Thomas Edison, John Jackson, Melvil Dewey, and Early Vertical Writing
When he writes slowly and with care--from fifteen to twenty-five words a minute--Mr. Edison's handwriting is phenomenally clear and beautiful, resembling copperplate printing; not in a flowing, but in a cramped hand, the letters often being separated as in print. When he rises to forty words a minute, the writing is still more cramped and less beautiful, though yet legible; with forty-nine words a minute, his writing is quite illegible.
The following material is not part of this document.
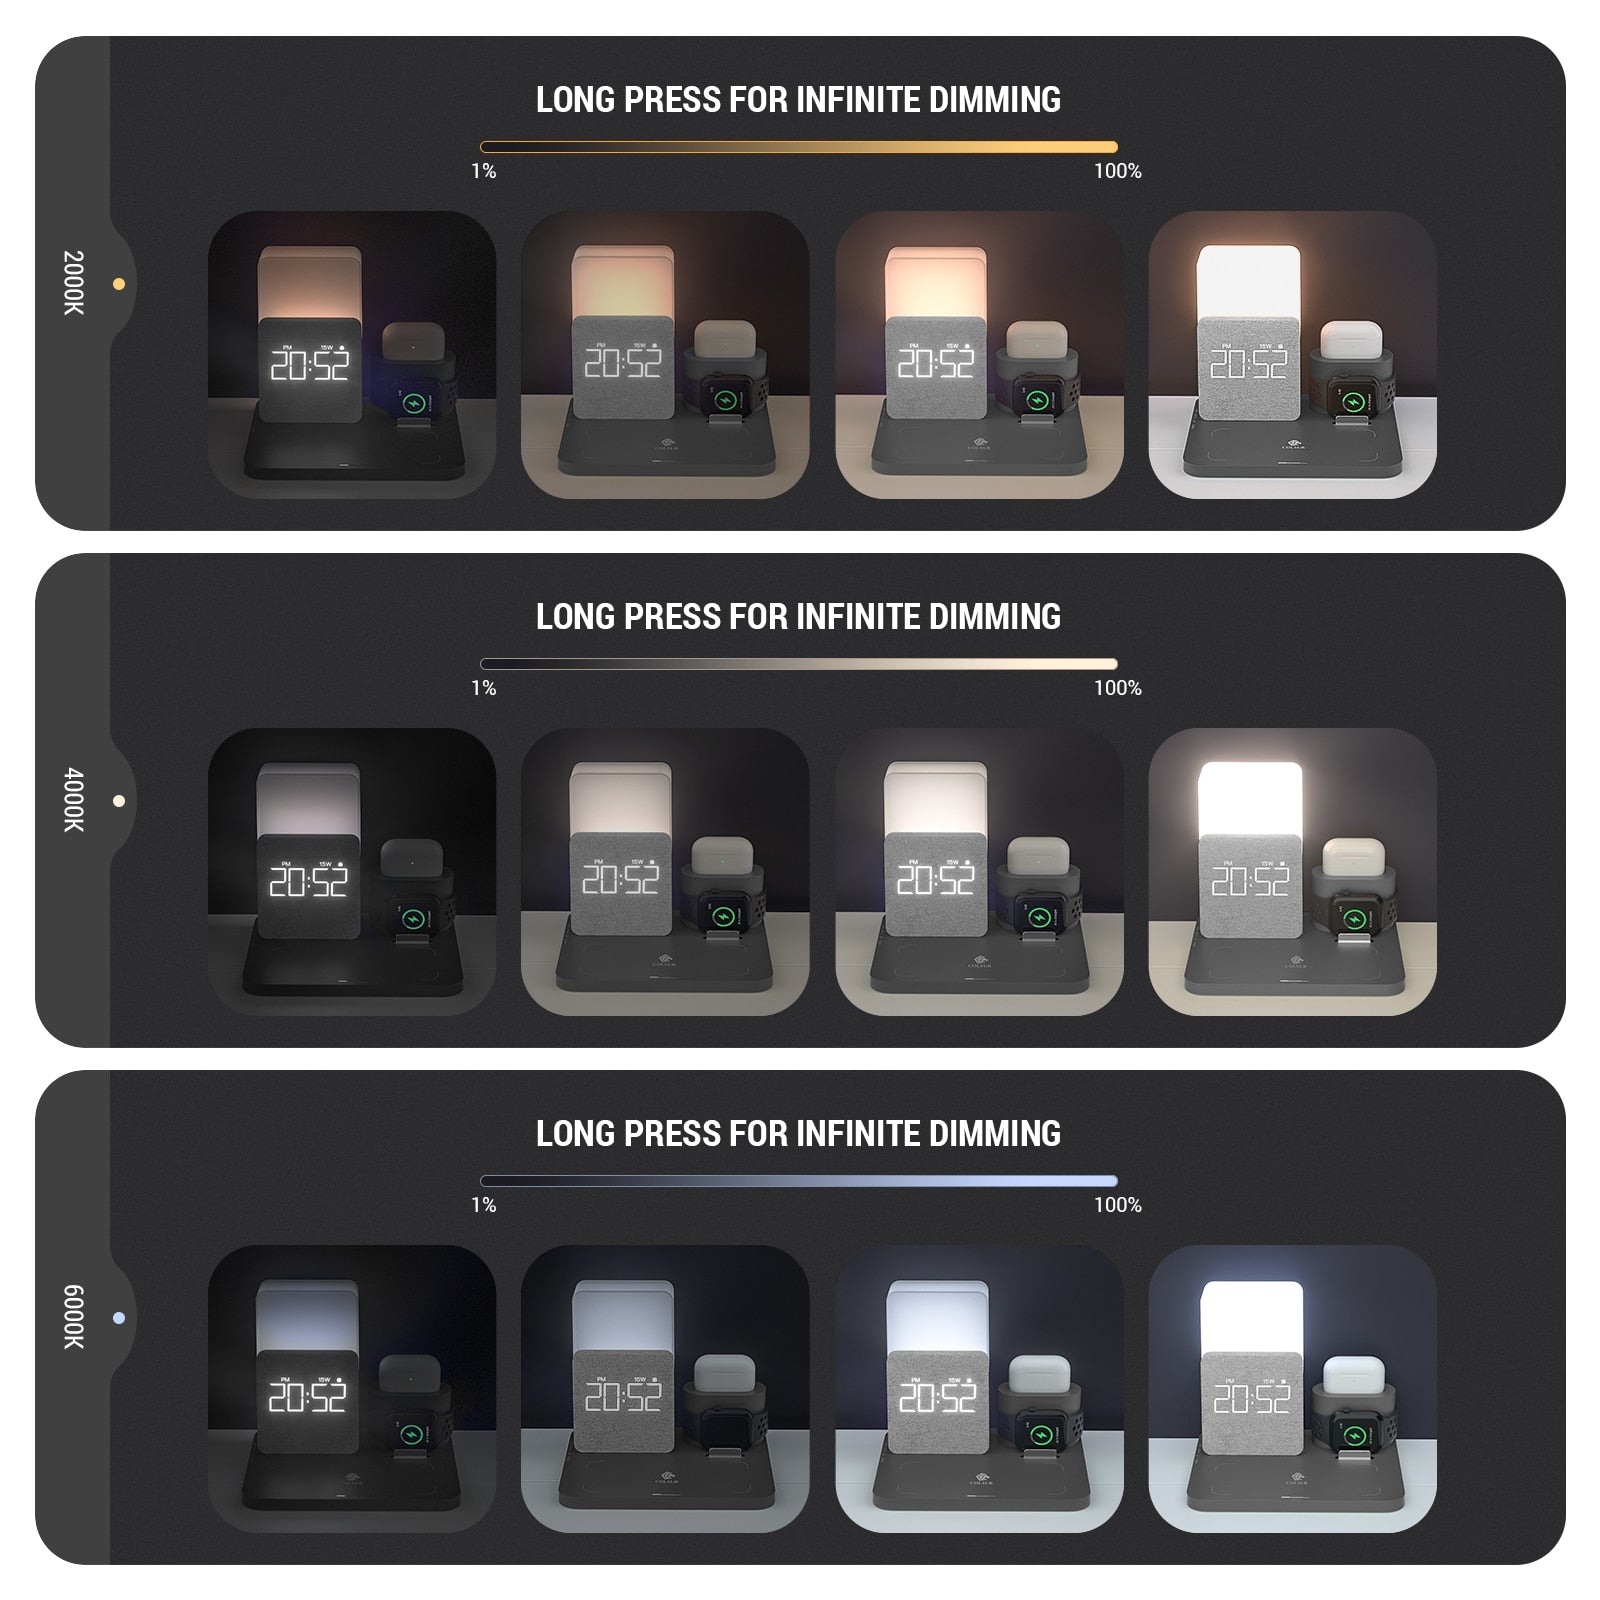 diagram showing the different light options of a charging dock alarm clock

John Jackson, the most prominent of the promoters of the vertical style in England writes a chapter on the "History of Vertical Writing and its Revival" on page 118 of his book Theory and Practice of Handwriting that “concurrent agitations dated from about the year 1870 to the year 1887 when the two forces combined (each being complementary to the other)” were responsible for the move to upright penmanship in England. This book provides considerable detail about the different people and countries in Europe studying the vertical style as a remedy to poor eyesight and bad posture among students. He also makes the argument in the beginning of this chapter on page 111 that "The History of Vertical Writing is the History of all Writing, as, up to about the middle of the 16th century such a thing as Sloping Writing was unknown." This idea we will have to set aside for a separate discussion.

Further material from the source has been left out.